Even if one accepts claims about anthropogenic global warming happening and causing wildfires and hurricanes as being totally true, the justification for not simply banning all fossil fuels is the good that is done with their use.

So the analogy should be a question of how much good is done with the undead created.

For creating undead to be inherently evil, then, it must be true that so much harm is caused by the animation of even one skeleton that no amount of lives saved, no amount of happiness generated, no amount of wonderful, good, wholesome, uplifting virtuous results of the use that skeleton is put to could ever be worth it. The sorrow, pain, devastation, loss, and ruin of creating that one skeleton must always outweigh any boon it might have granted.

Remember, to use the “car” analogy, you have to assert that every time you start up your car, it is creating so much pollution that it is a morally-indefensible act. No matter what good you plan to do while it’s running. This is required because we’re using this to justify why animate dead is always evil.

This does start us down the tracks to a trolley problem, though.

Objective morality, also, for the record isn’t inherently arbitrary. Newton’s laws are objective, but are not arbitrary; they’re derived from the underlying truths of how matter and energy behave.

Expecting objective morality to have fundamental foundation beyond “because something said so” is not demanding subjective morality. Subjective morality is morality that can say the same exact act is good to one observer and evil to another, based on their moral codes. And if morality is subjective, neither moral code is automatically more correct than the other.

Objective morality would make one more correct than the other in the same way that objective reality makes the atomic model of matter more correct than the elemental model of matter. Not because some arbitrary text says “yeah, that’s the model to use,” but because that model more closely resembles reality.

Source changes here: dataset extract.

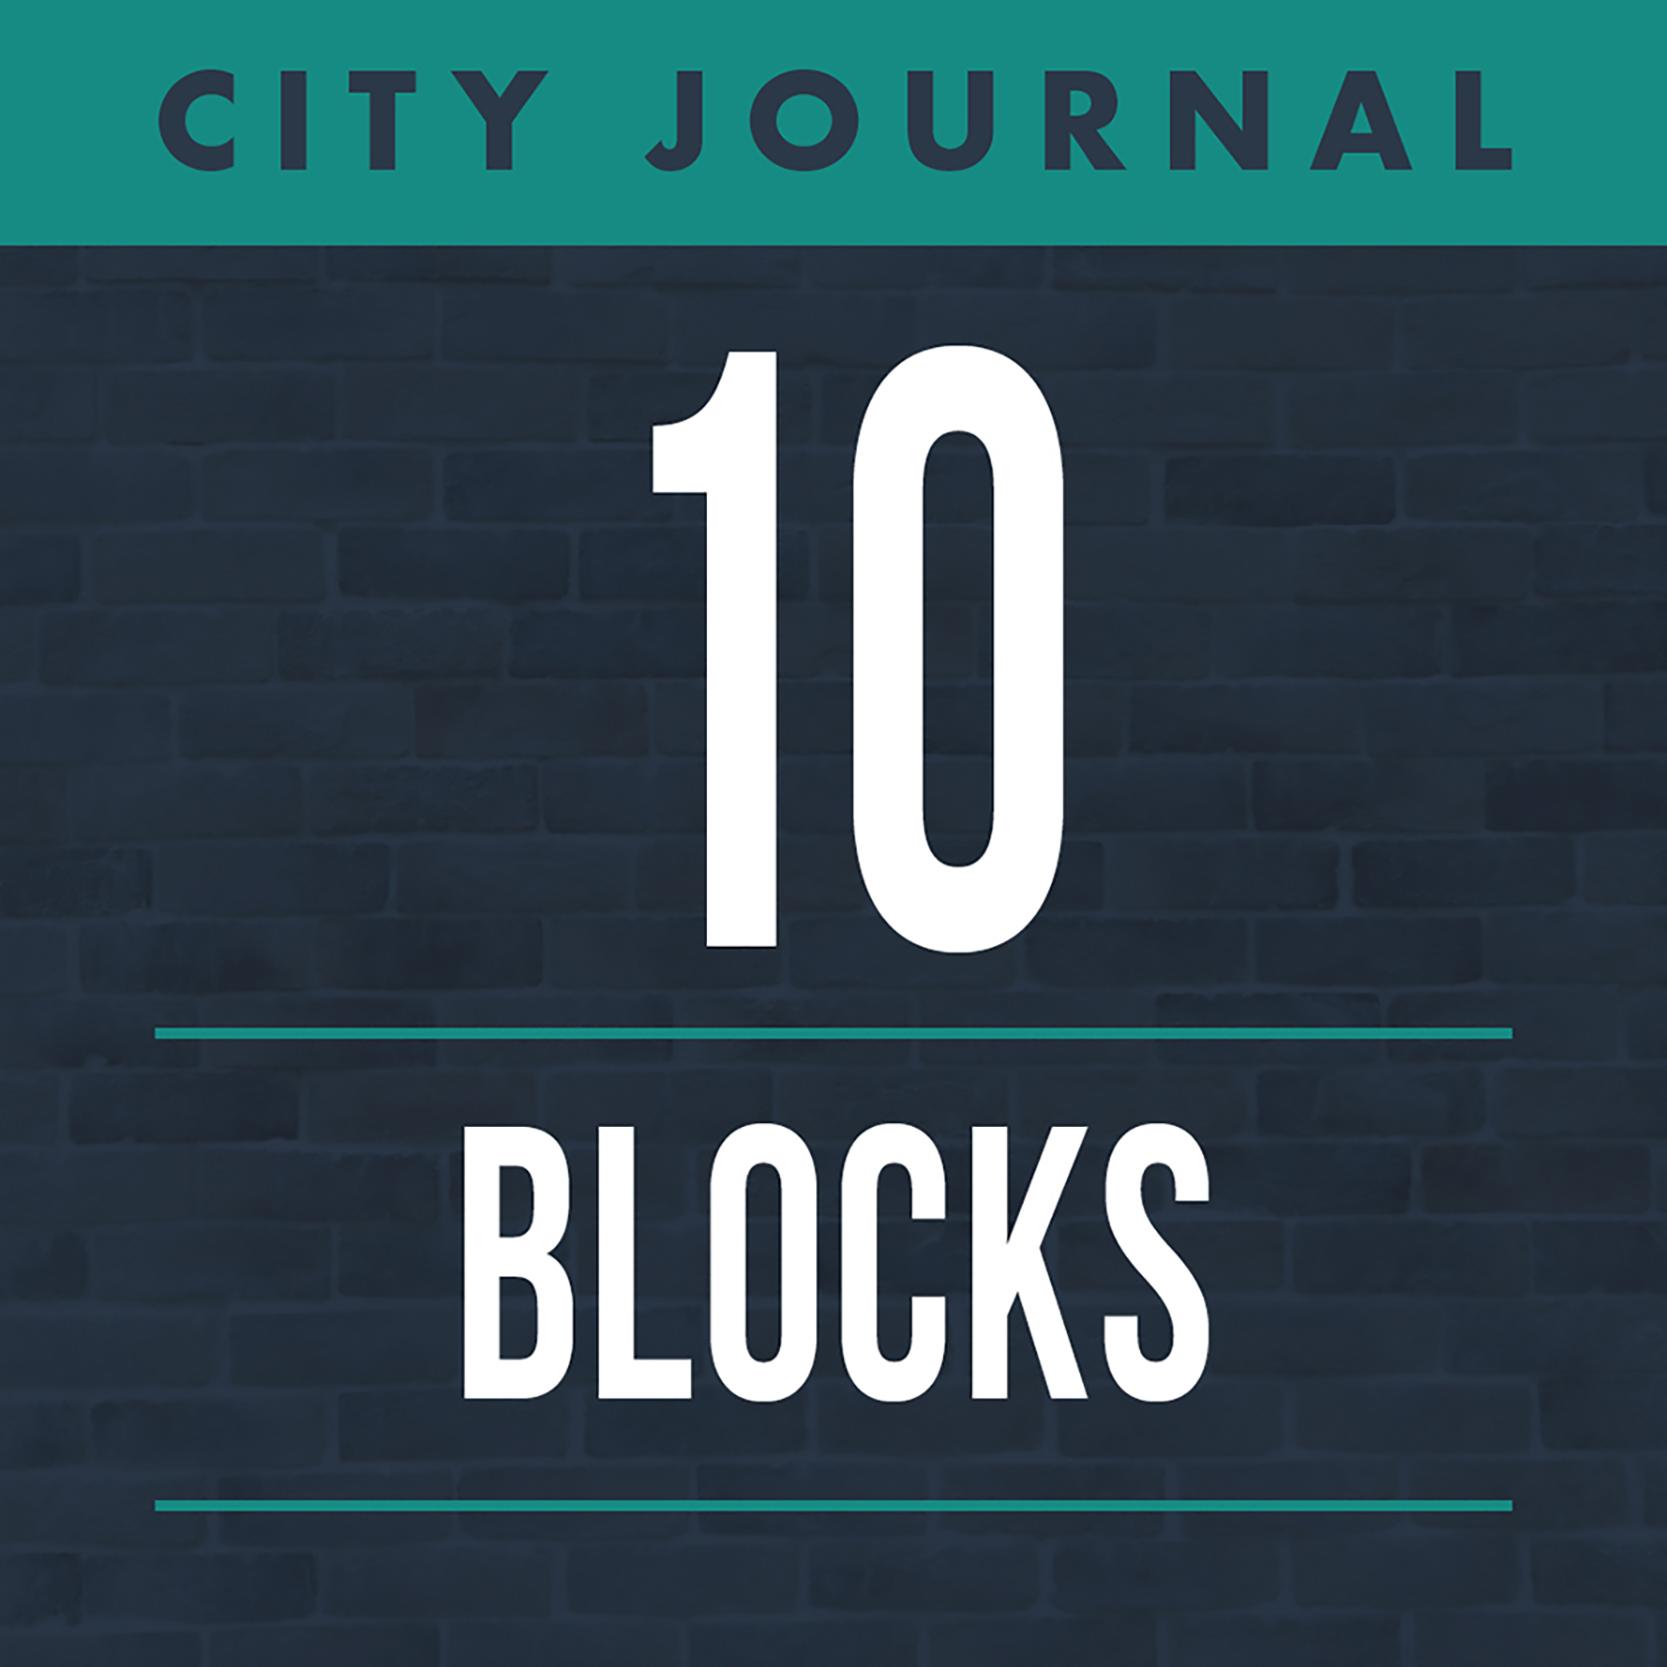 City Journal's 10 Blocks show art

Great Wheel cosmology establishing objective morality means that there are fundamental forces that drive or are driven by moral choices. And the outer planes operate on rules that reflect these moralities (and ethics).

Now, the writers of the setting could claim that eating with your left hand is an evil act because it empowers the lower planes, but that becomes arbitrary and unsatisfying. Which is my problem with animate dead being evil because of “evil pollution.” You may as well be saying “it empowers the Abyss.” Why? Because!